Но 13 декабря в городе появились солдаты. Серые шинели заполонили улицы. По мостовым гарцевали ингуши в мохнатых шапках, свирепо косясь на прохожих.
Глухими переулками Владимир Урасов пробрался к дому, где заседал комитет. Между комитетчиками шел жаркий спор.
— Что могут сделать наши 60–70 дружинников против такой массы войск? Выводить народ на улицу — значит, обрекать его на заведомую гибель…
— А как же мотовилихинцы? Ведь они уже на баррикадах!
— Да, Мотовилиха… Сегодня туда ушли три роты солдат и сотня казаков…
— Нужно решать с оружием, — решительно заявил незнакомый Урасову комитетчик с бородкой клинышком. — Мы обязаны сохранить его во что бы то ни стало.
— Оружие и взрывчатку можно спрятать у меня, — негромко произнес Владимир.
…Дома, в амбаре, он с ожесточением долбил мерзлую землю, готовя траншею под оружие и динамит. Он уже знал, как героически сражались дружинники Мотовилихи, как убили солдаты знакомого ему шестнадцатилетнего парня Ваню Норова, как пала последняя баррикада на Висиме, а ее защитники во главе с Лбовым ушли в лес…
— Врешь не пройдешь… — шептал он и яростно орудовал ломом, слизывая соленые слезы.
— Что, сынок, горько?
— Ты что, батя? — не оборачиваясь к подошедшему отцу, сказал он. — Это я так, яму для соленья-варенья готовлю…
— Бомбы из этого соленья-варенья делают, — пробурчал отец и стал лопатой выгребать землю из ямы.

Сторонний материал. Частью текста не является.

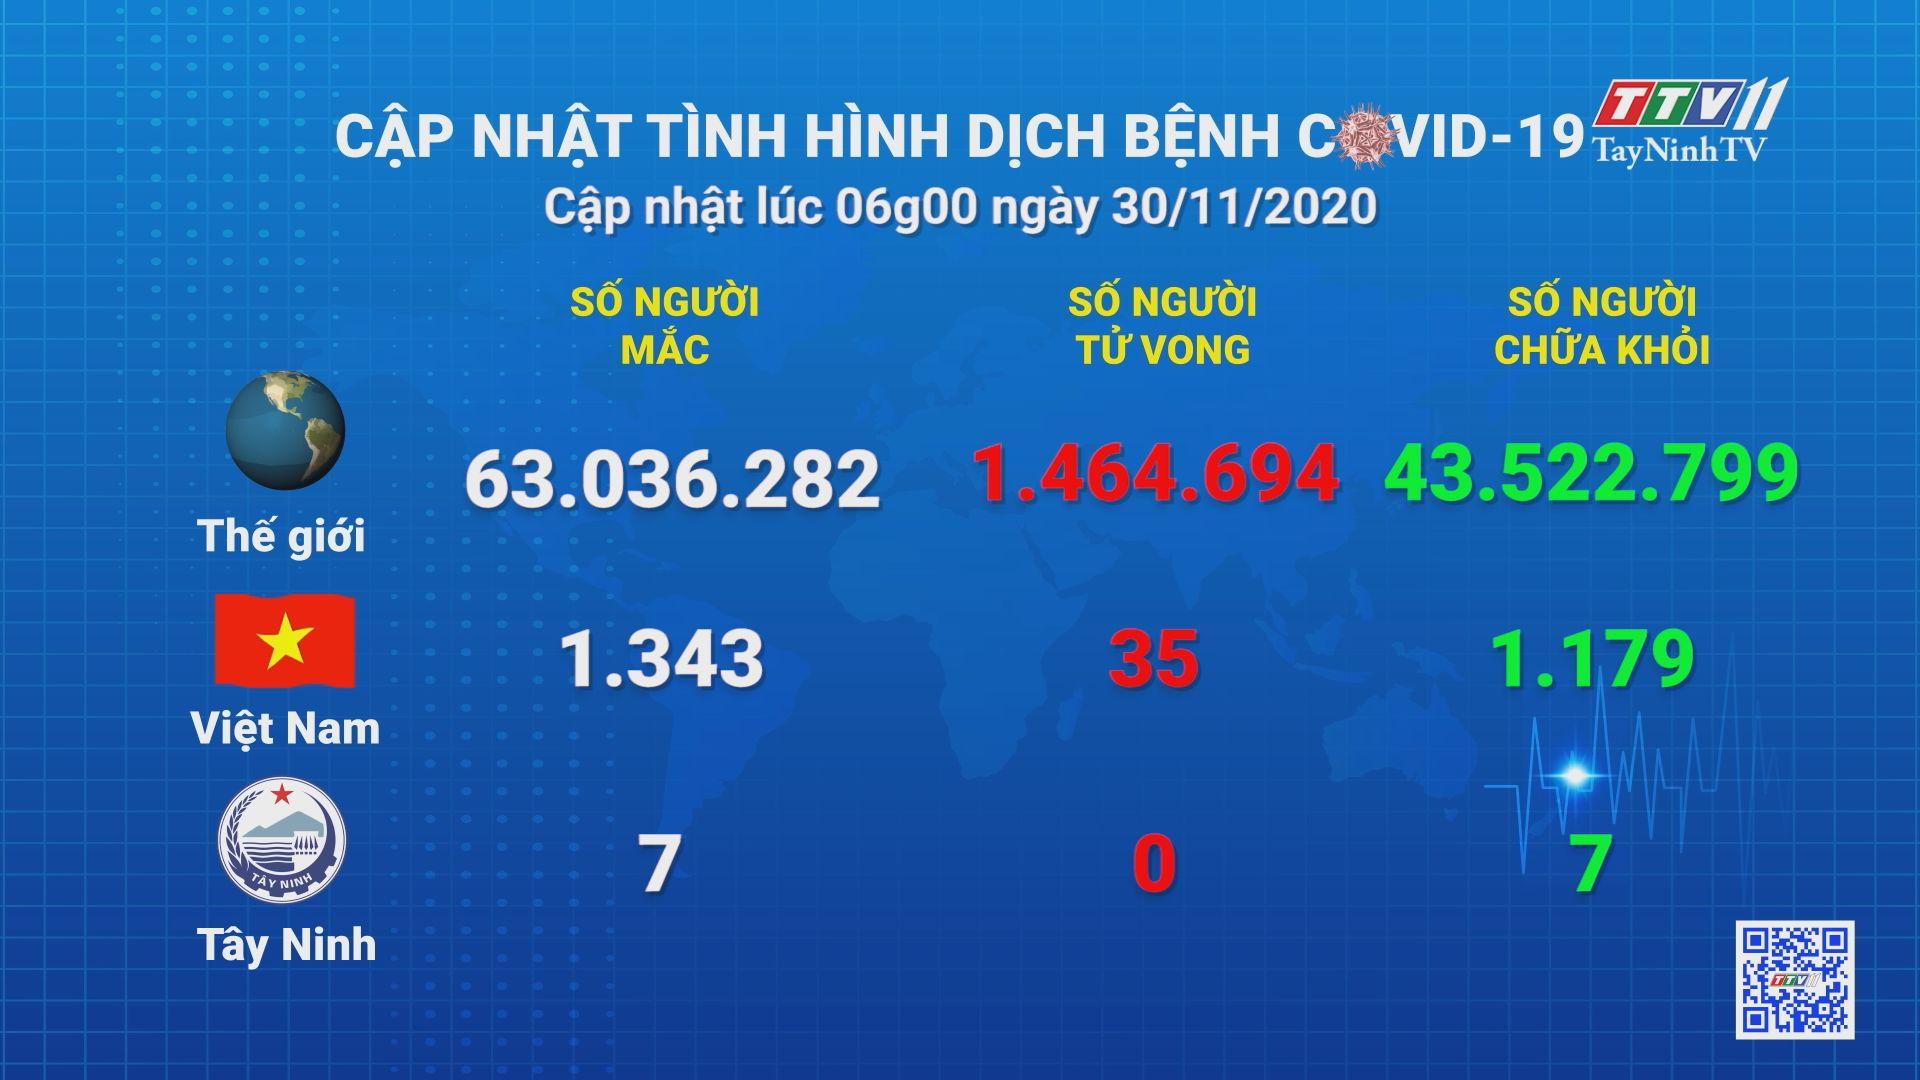 Cập nhật tình hình Covid-19 vào lúc 06 giờ 30-11-2020 | Thông tin dịch Covid-19 | TayNinhTV

«Будем помнить, что близится великая массовая борьба, — писал в те дни Ленин. — Это будет вооруженное восстание. Оно должно быть, по возможности, единовременно. Массы должны знать, что они идут на вооруженную, кровавую, отчаянную борьбу. Презрение к смерти должно распространиться в массах и обеспечить победу. Наступление на врага должно быть самое энергичное: нападение, а не защита, должно стать лозунгом масс, беспощадное истребление врага — станет их задачей; организация борьбы сложится подвижная и гибкая; колеблющиеся элементы войск будут втянуты в активную борьбу. Партия сознательного пролетариата должна выполнить свой долг в этой великой борьбе.»[1]
— Эй, дядя!..
Приземистый мужчина, по одежде мастеровой, завертел головой, не понимая, откуда взялся этот парень в пиджаке внакидку и в широкополой «горьковской» шляпе.
Владимир Урасов, а это был он, находился в передовом пикете и направлял рабочих к месту митинга. Не дождавшись опознавательных слов, он шагнул к незнакомцу.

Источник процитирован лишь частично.